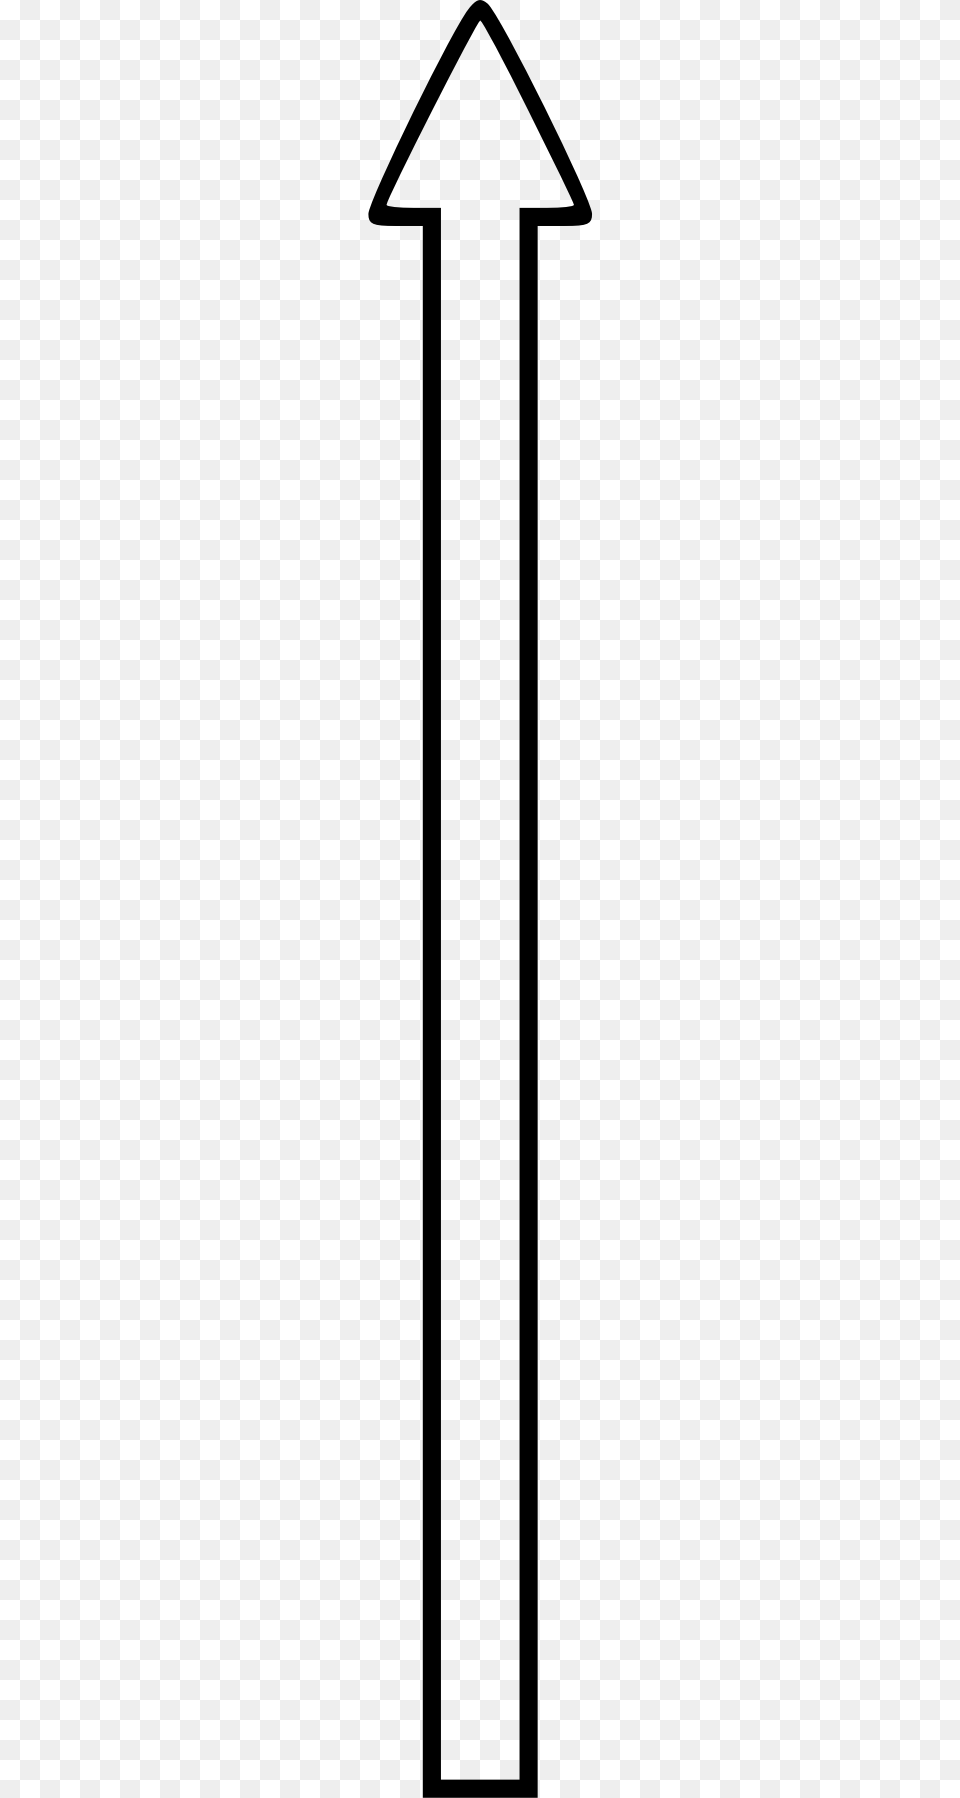 Simple Long Up Arrow Whitelack Border Icons, Gray Free Png
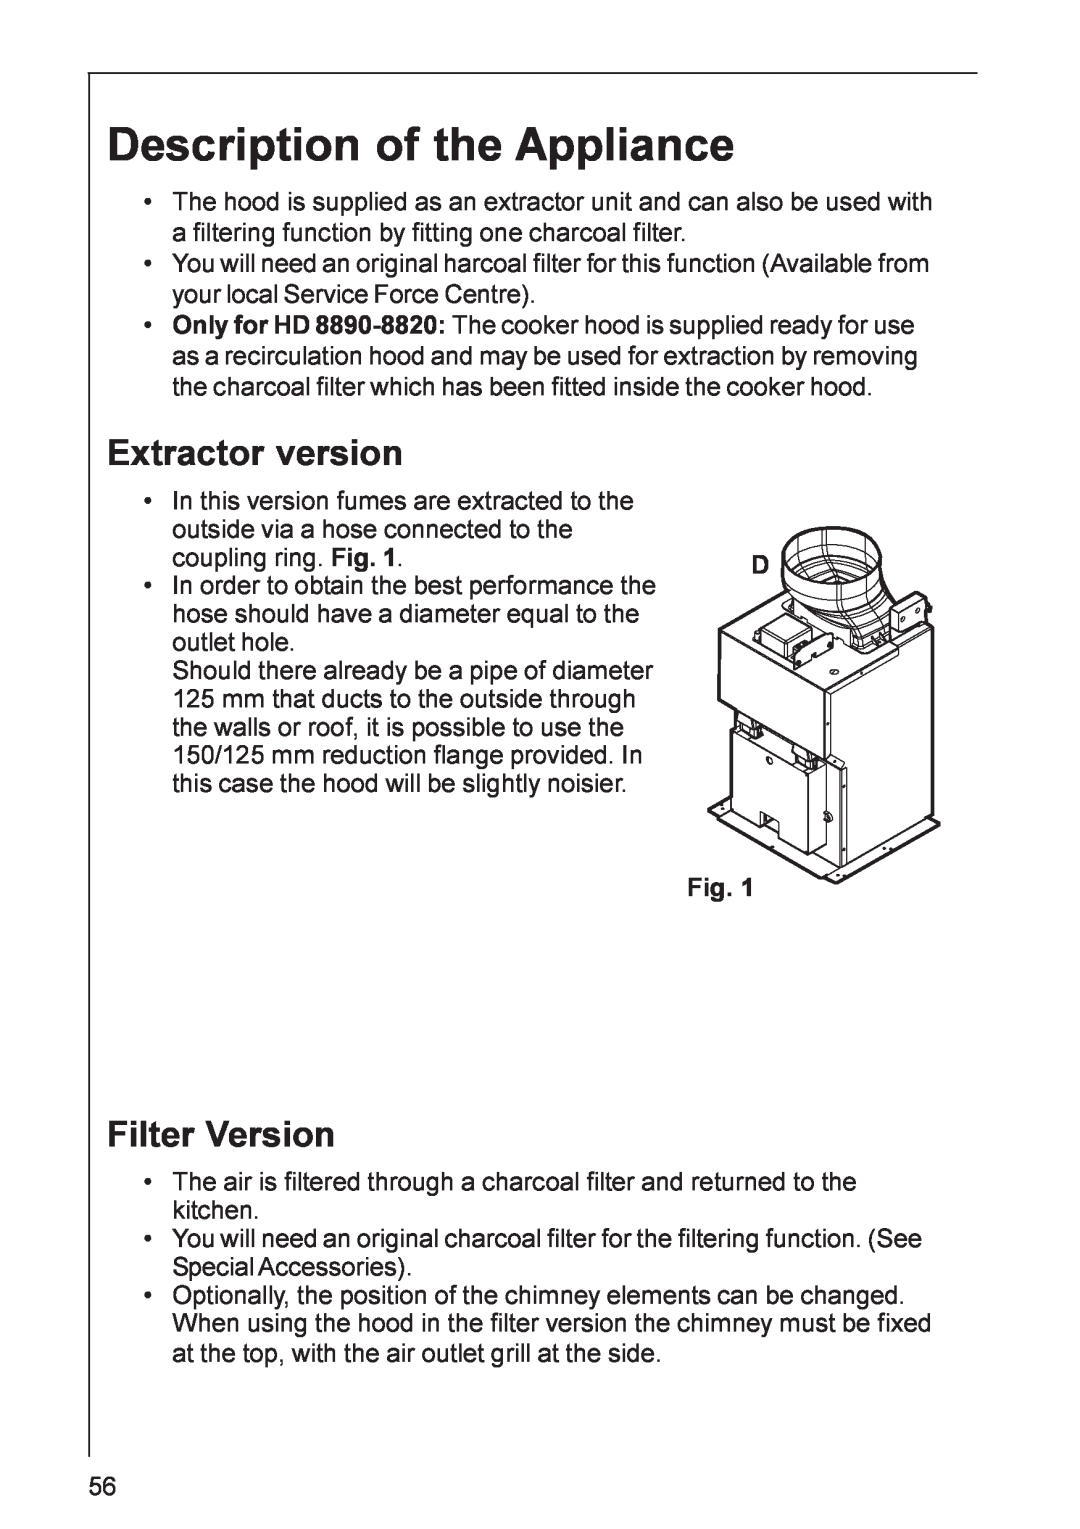 Electrolux HD 8820, HD 8890, DD 8820 Description of the Appliance, Extractor version, Filter Version 
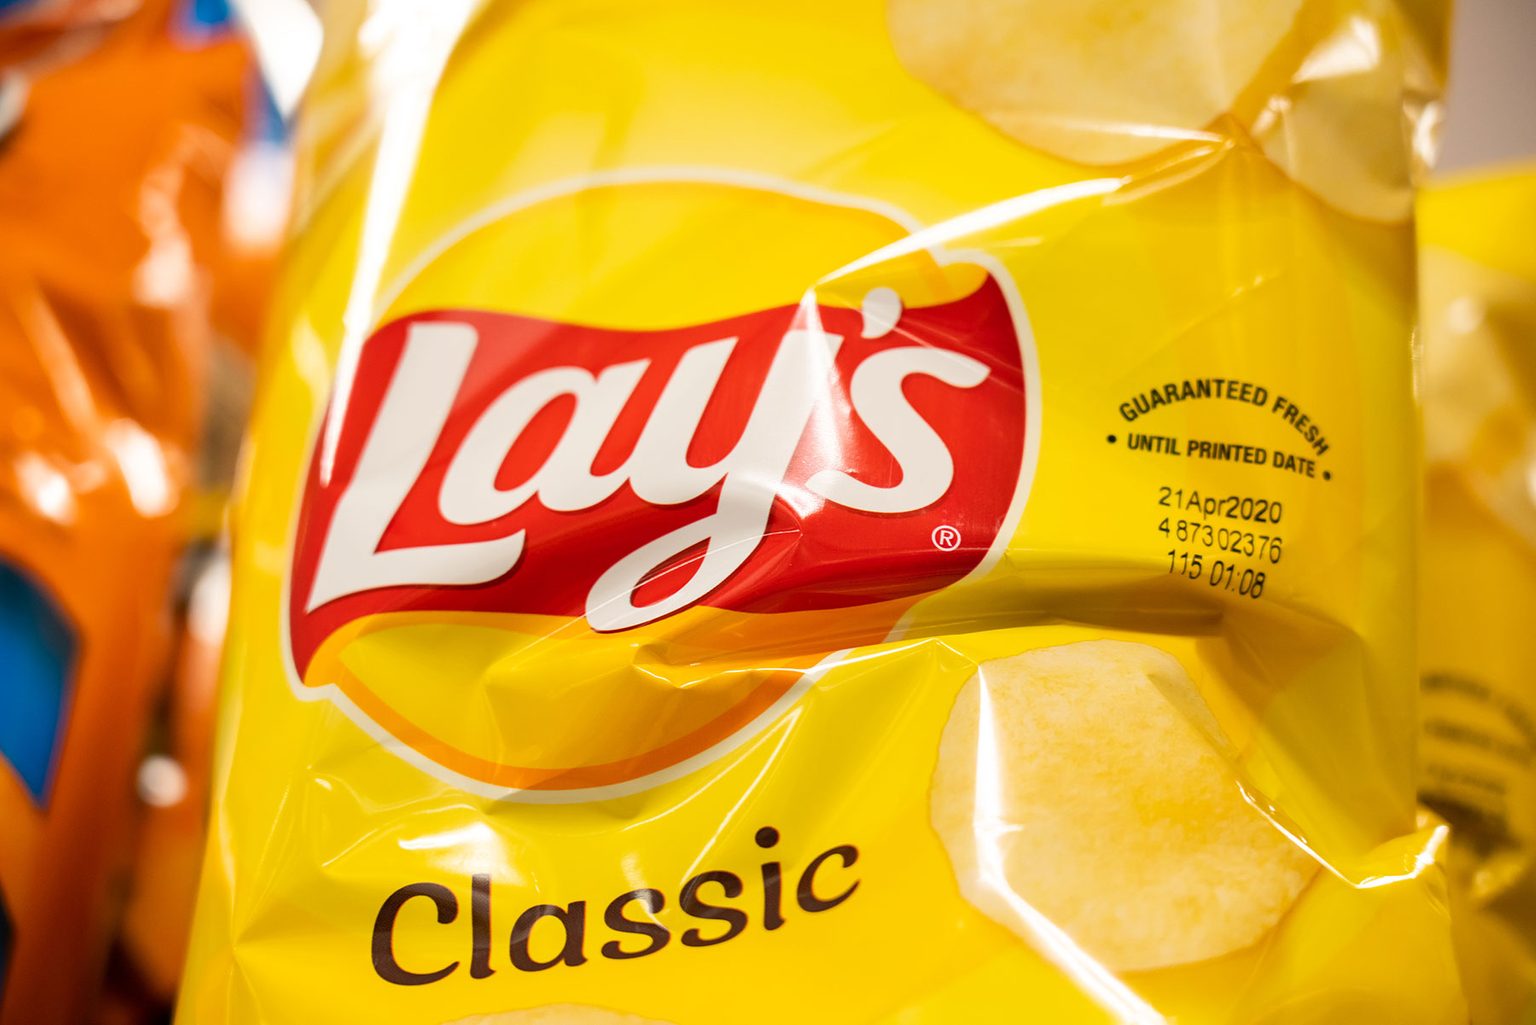 A FritoLay Chips Recall Affects Up to 4 States—Here's What We Know

**What you should do**
Instruction for this listing: copy it exactly, but leave the images behind.

**The completed task**
 Simple Long Up Arrow Whitelack Border Icons, Gray Free Png
 Electrolux HD 8820, HD 8890, DD 8820 Description of the Appliance, Extractor version, Filter Version 
 A FritoLay Chips Recall Affects Up to 4 States—Here's What We Know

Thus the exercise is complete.